Stage handoffAvg gap — LateAvg gap — On timeDifference
Rock/Brick → Soffit & Fascia15.0d (n=5)-0.0d (n=9)+15.0d
Siding & Brown Coat → Rock/Brick7.5d (n=82)3.1d (n=64)+4.3d
Siding & Brown Coat → Paint3.8d (n=48)0.9d (n=28)+2.9d
Housewrap/Paper-Wire → Siding & Brown Coat14.0d (n=136)11.4d (n=124)+2.6d
Siding & Brown Coat → Soffit & Fascia1.4d (n=6)-0.7d (n=30)+2.1d
Stucco Color → Scaffold Removed4.1d (n=99)3.0d (n=73)+1.0d
Paint → Soffit & Fascia2.8d (n=122)2.1d (n=80)+0.7d
Scaffold Set → Housewrap/Paper-Wire4.4d (n=112)4.0d (n=79)+0.4d
Soffit & Fascia → Stucco Color-1.7d (n=99)-0.2d (n=69)-1.5d
Rock/Brick → Paint-5.0d (n=77)-1.1d (n=55)-3.9d
The two handoffs worth acting on first — biggest gap and enough jobs behind them to trust the number: Housewrap/Paper-Wire → Siding & Brown Coat (the longest wait in the whole sequence — roughly 14 days on late jobs vs. 11 on time) and Siding & Brown Coat → Rock/Brick (about 7.5 days on late jobs vs. 3 on time — more than double). Both have 60+ jobs behind them on the late side alone. A few stages also show up completing out of the expected order (negative numbers) — worth a second look at whether the process is running the way it's meant to, or whether crews are circling back for touch-ups.
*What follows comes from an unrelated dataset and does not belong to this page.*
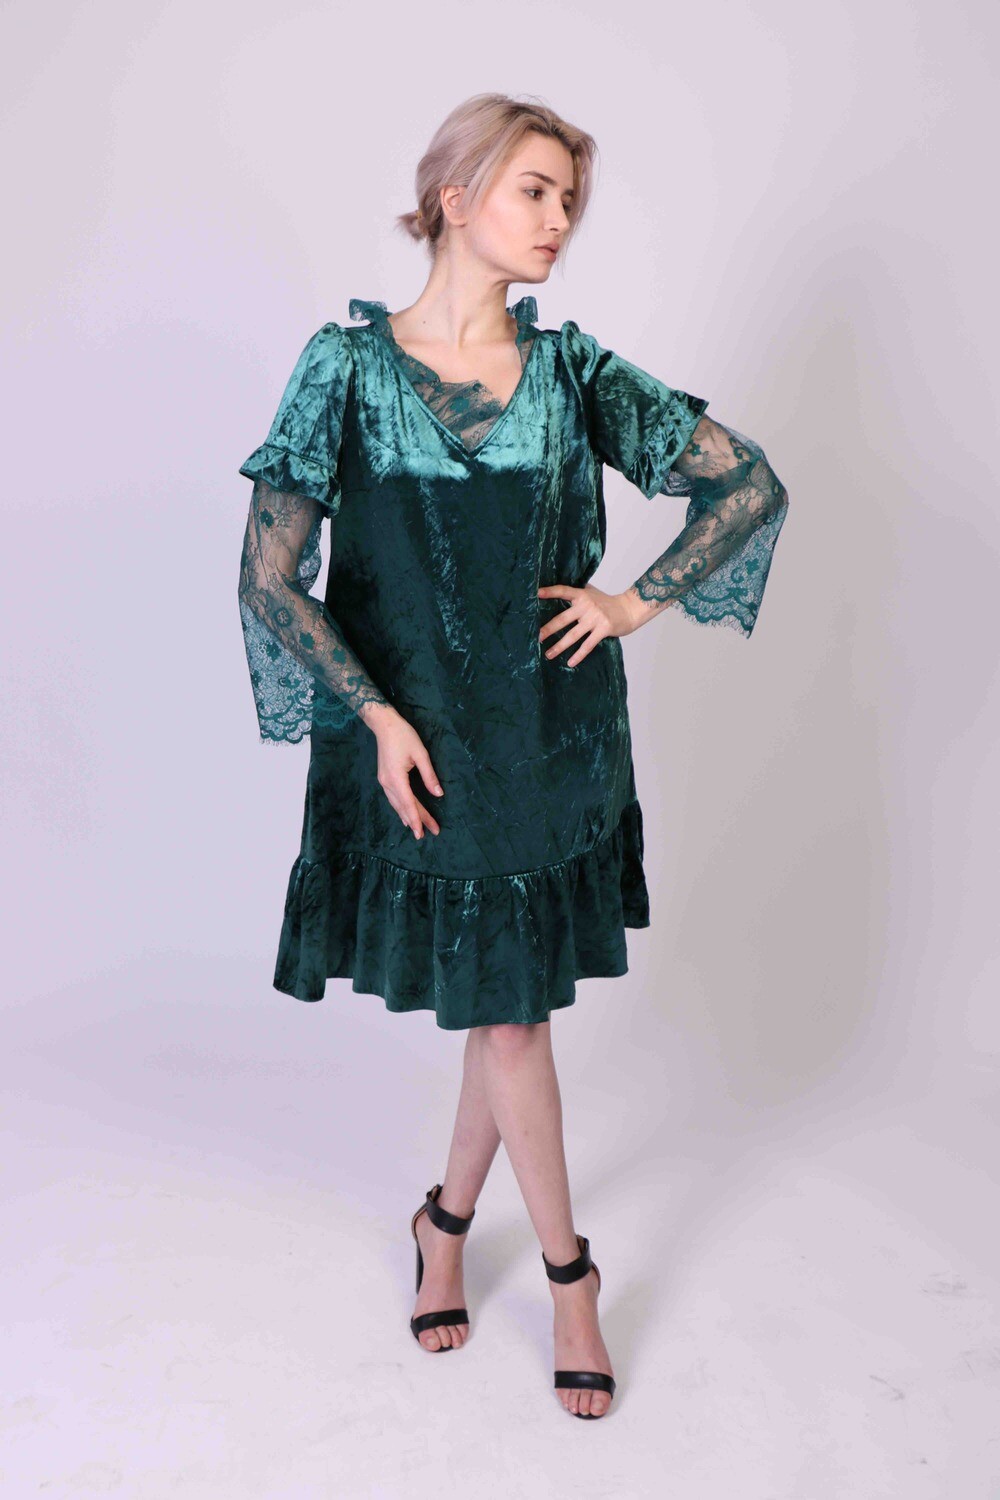 Beautiful Female Model Wearing Emerald Green Stock Photo 1400366855 |  Shutterstock

4. Which POs go with late jobs

Comparing the share of jobs that placed at least one unexpected/will-call order of each type. Only types with a meaningful sample shown below.
6.0
Avg # unexpected POs — Late
4.6
Avg # unexpected POs — On time
$1,549
Avg unexpected PO $ — Late
$987
Avg unexpected PO $ — On time
PO type% of late jobs with one% of on-time jobs with oneGap
Paint Order23%6%+17pp
Soffit Order31%18%+13pp
Initial Order30%20%+10pp
Color Order28%25%+4pp
Consumables Order88%84%+4pp
Gutter Order7%6%+0pp
Vinyl Order7%7%+0pp
Paint and Soffit will-calls stand out the most — Siding and Rock orders, despite being the biggest task categories overall, are actually not disproportionately tied to lateness. I checked whether these orders get placed during the stage-gap windows above (i.e. crews stalled waiting on the reorder) and the timing mostly didn't line up — most Paint will-calls land either well before or after the gap, not inside it. So this reads as "late jobs run into more material problems overall," not "this specific PO caused this specific wait" — still useful, just not a one-to-one story.

5. Other factors checked

FactorLate jobsOn-time jobsVerdict
Started later than originally planned40%39%Not a driver — same rate either way
Jobs with a task at 2x+ typical duration83%82%Inconclusive — duration data too noisy
Bottom line: idle time between construction stages — especially the wait for the base coat/siding crew after housewrap, and for the rock/brick crew after that — is the clearest driver. Late jobs also carry more material problems (especially paint and soffit reorders), but that's a correlation, not a clean cause-and-effect on timing. Documented delays barely touch the late population, meaning most of this is happening without anyone flagging it in the system. Starting late doesn't predict finishing late.